The isolated IgY antibodies, from section 3.2.6.2, were pooled and filtered through Whatman No. 1 filter paper. The affinity columns were equilibrated with 5 column

volumes of wash buffer [100 mM NaH2PO4, 0.05% (w/v) NaN3, pH 6.5] and each pool cycled through the column for 16 h at RT at a flow rate of 0.6 ml/min.
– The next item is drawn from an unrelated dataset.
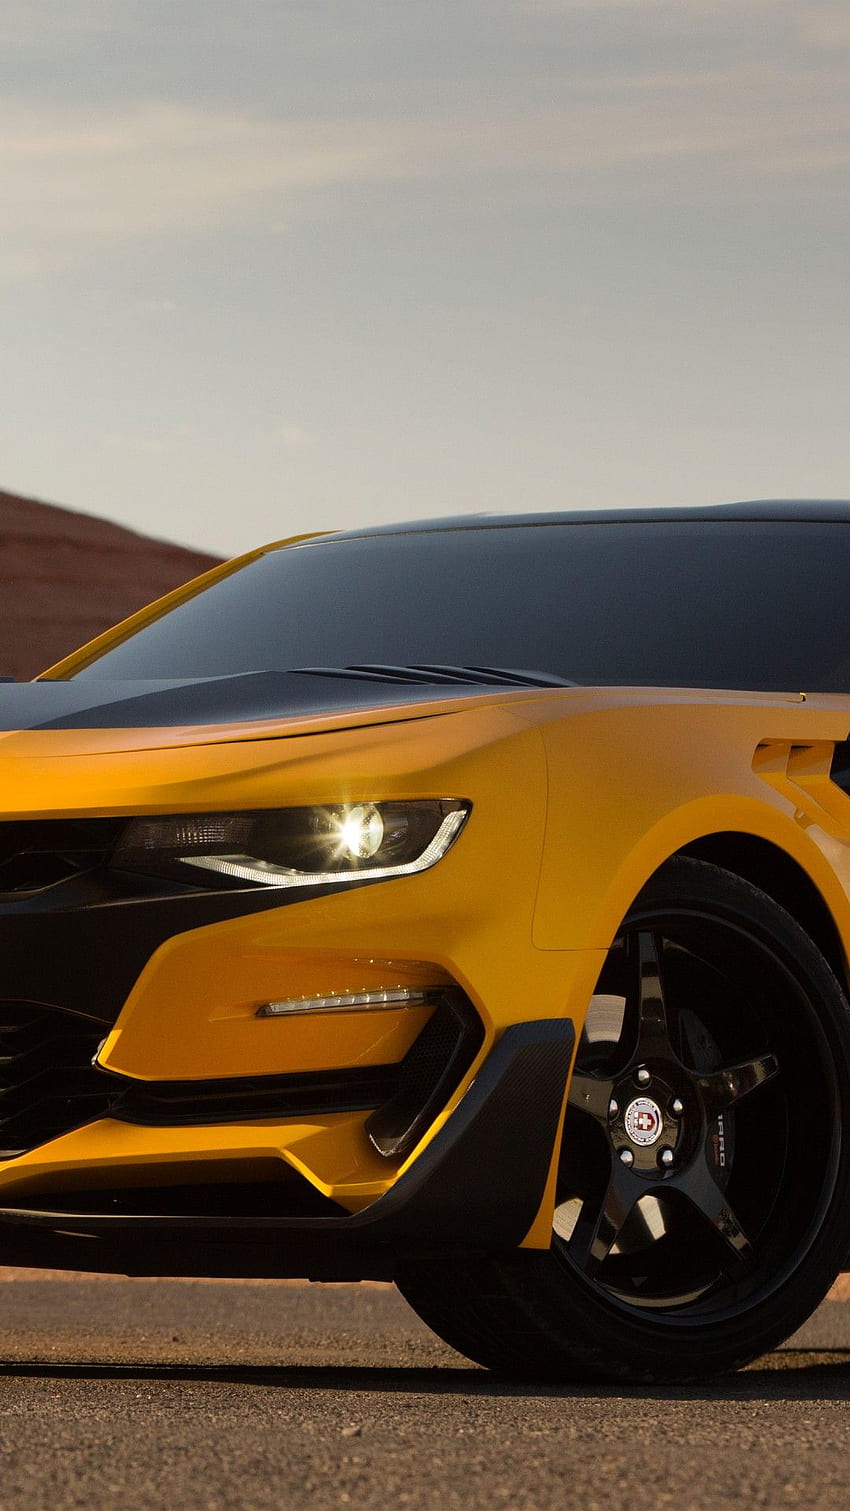 Bumblebee, , Transformers, The Last Knight, Chevrolet, Camaro, Automotive /  Cars,. for iPhone, Android, Mobile and HD phone wallpaper | Pxfuel
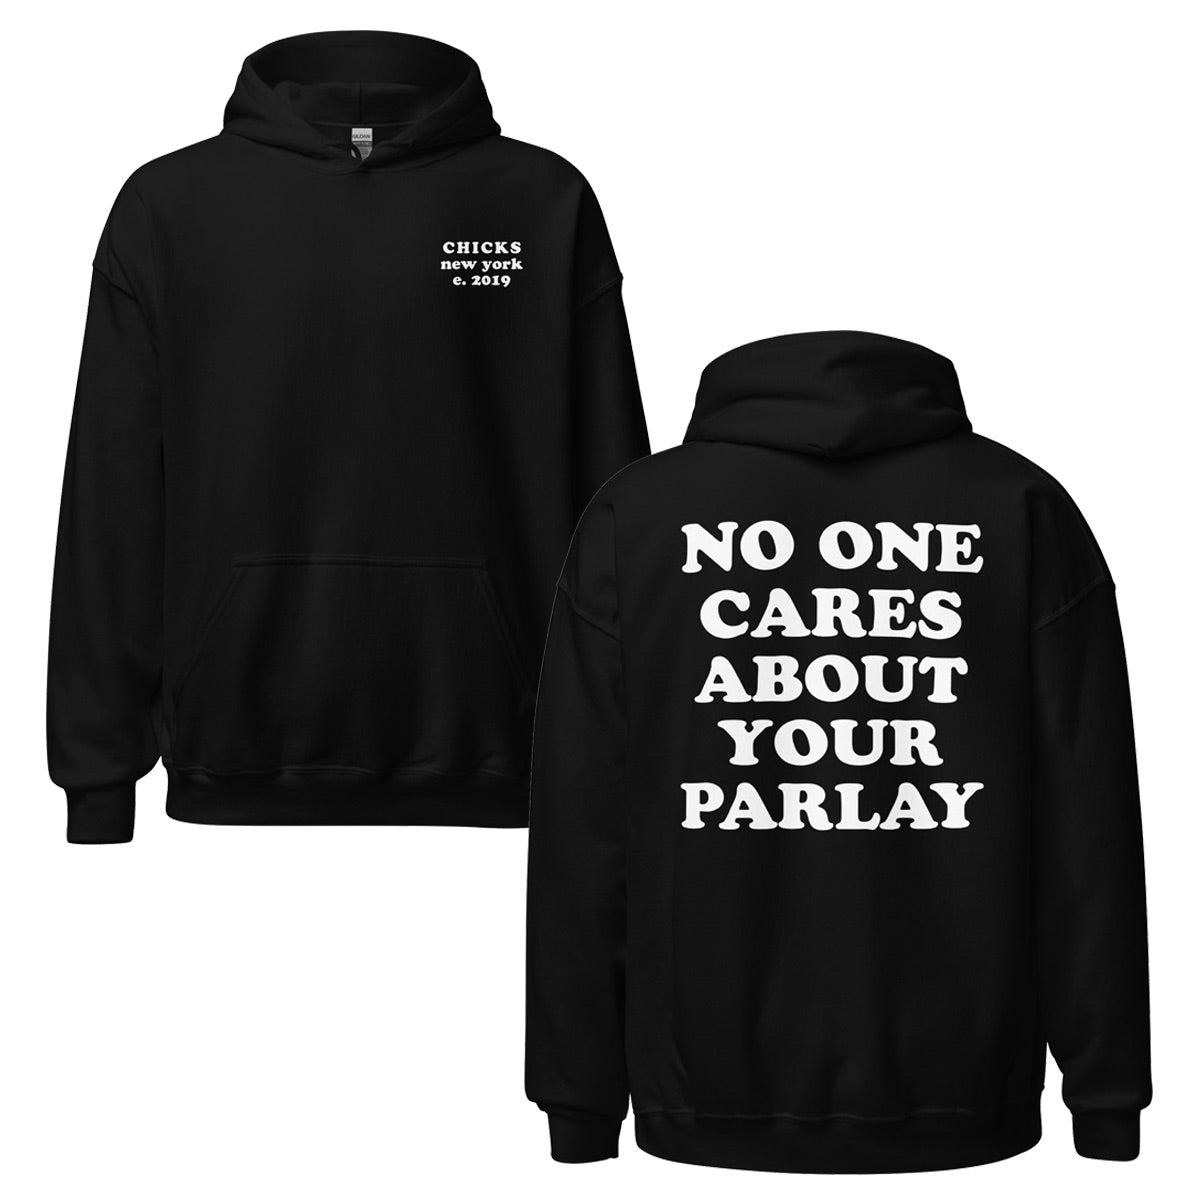 No One Cares About Your Parlay Hoodie-Hoodies & Sweatshirts-CHICKS-Barstool Sports

The unbound IgY was collected and the resin was subsequently washed with 10 column volumes of wash buffer until an absorbance value at 280 nm of 0.02 was obtained. The bound IgY, specific to the antigen in question, was eluted with elution buffer [100 mM glycine-HCl, 0.02% (w/v) NaN₃, pH 2.8] and 900 μl fractions collected into microcentrifuge tubes containing 100 µl neutralisation buffer [1 M NaH2PO4, 0.02% (w/v) NaN3, pH 8.5] and each was immediately mixed by inversion. Elution of the specific antibodies was monitored spectrophotometrically at 280 nm using 900 μl of elution buffer and 100 μl neutralisation buffer as the blank. The affinity purified IgY-containing fractions were pooled, with 10% (w/v) NaN3 being subsequently added to a final concentration of 0.1% (w/v) before storing at 4°C. The affinity columns were regenerated using 12 column volumes of wash buffer and stored at 4°C until use.

3.2.8 Western blot of recombinantly purified proteins with their respective IgY antibodies raised in chickens

Western blotting was performed as outlined in section 2.2.6 using the Pierce™ ECL western blotting substrate.